_Records shown_:
↓

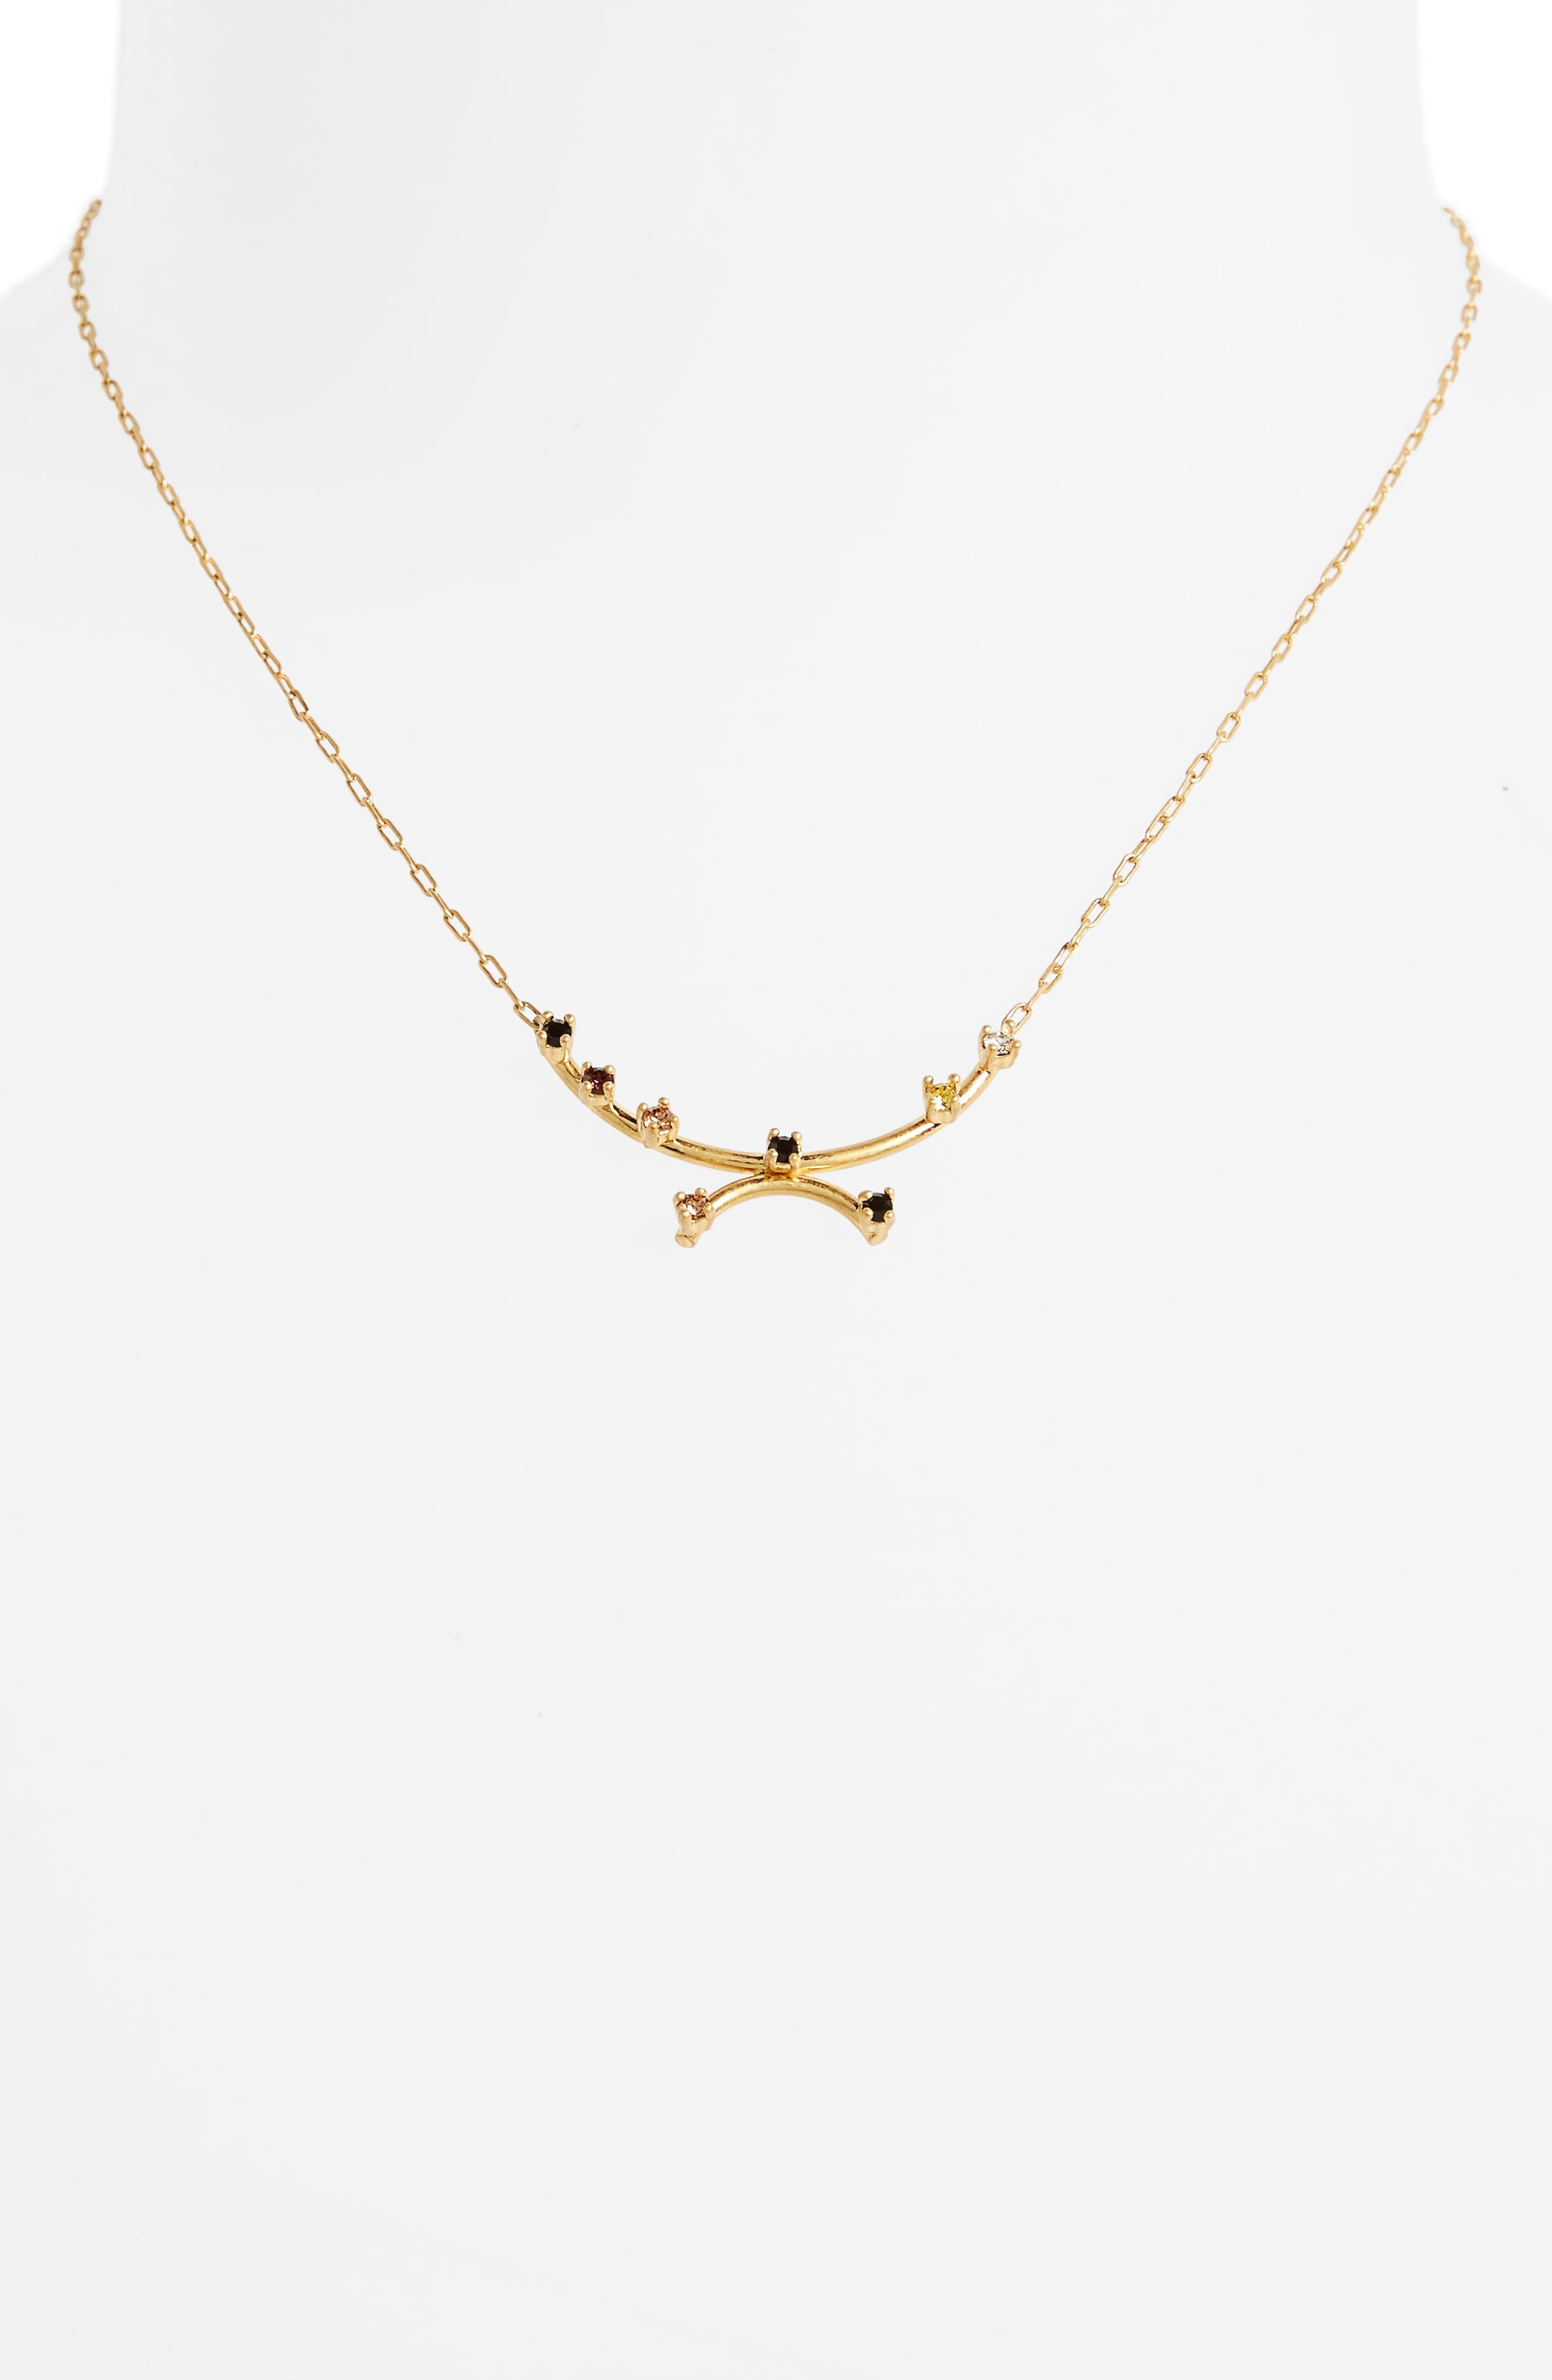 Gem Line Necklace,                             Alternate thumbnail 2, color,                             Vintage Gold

↑
↓

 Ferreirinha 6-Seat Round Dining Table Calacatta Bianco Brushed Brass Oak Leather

↑
↓

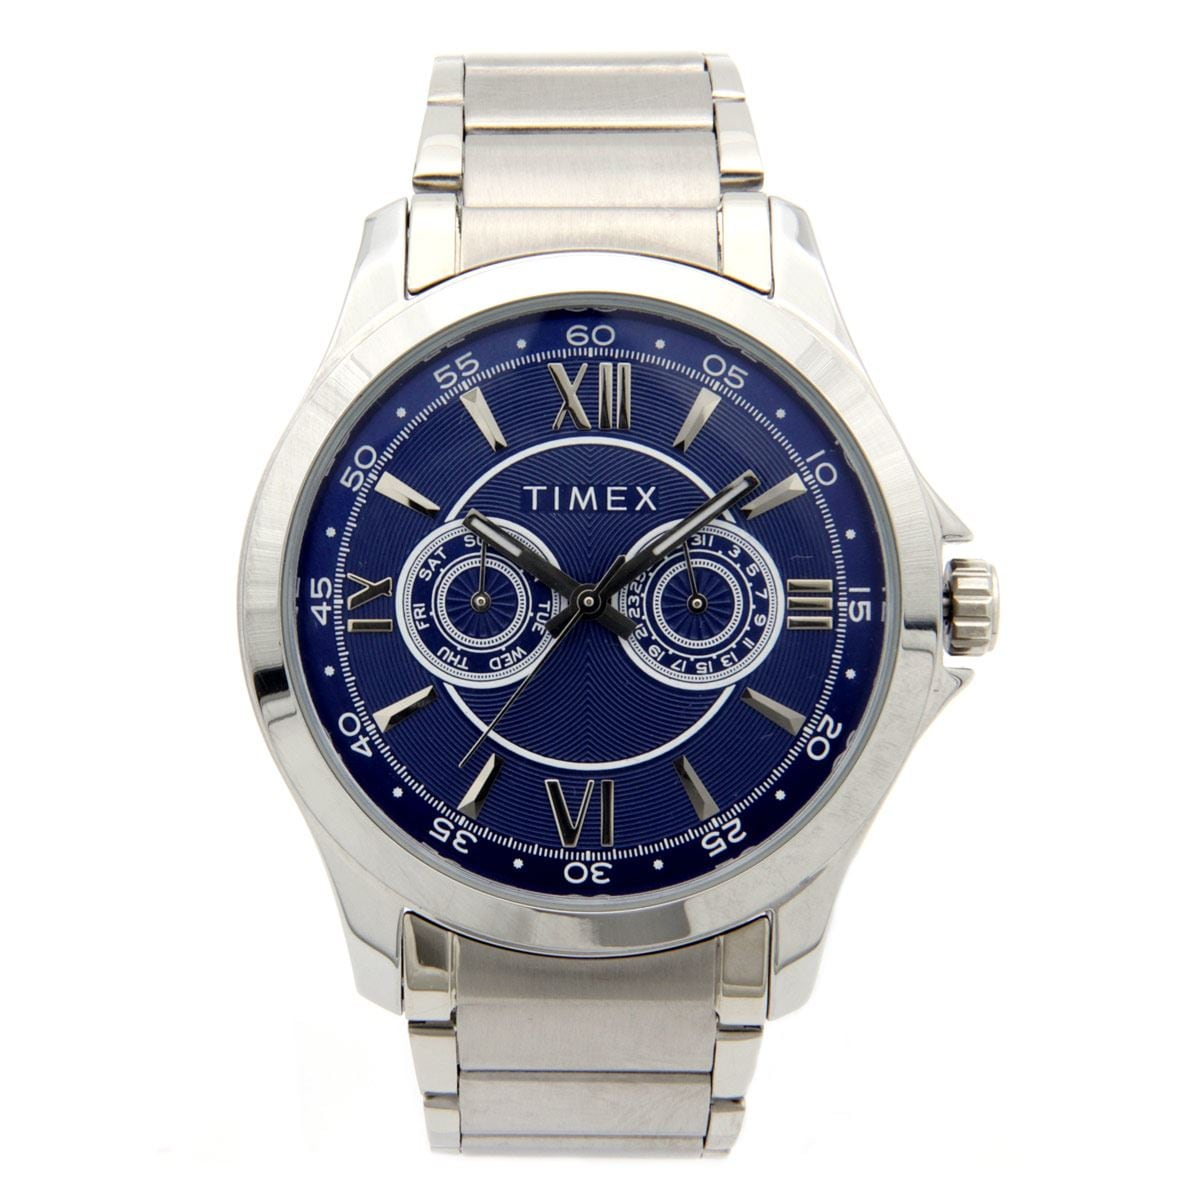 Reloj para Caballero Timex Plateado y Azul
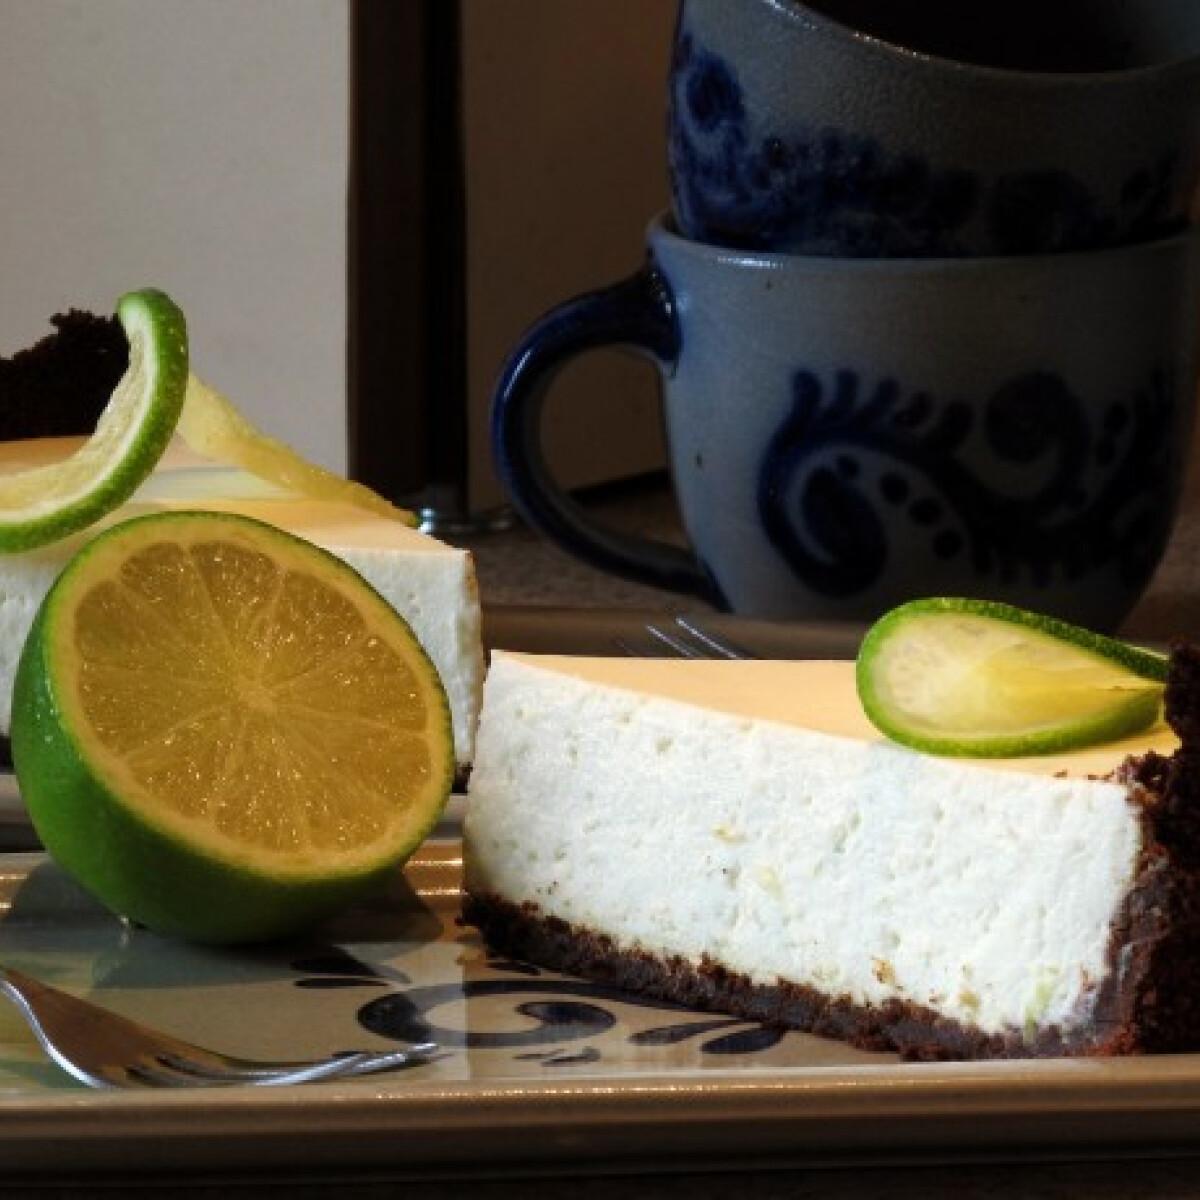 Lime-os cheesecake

↑

_Exercise description_: A clean copy is needed of the lines above from the one with "Reloj para Caballero Timex Plateado y Azul" up to and including the one with "Lime-os cheesecake". Please set it down exactly, with no pictures.

_Written answer_:
 Reloj para Caballero Timex Plateado y Azul
 Lime-os cheesecake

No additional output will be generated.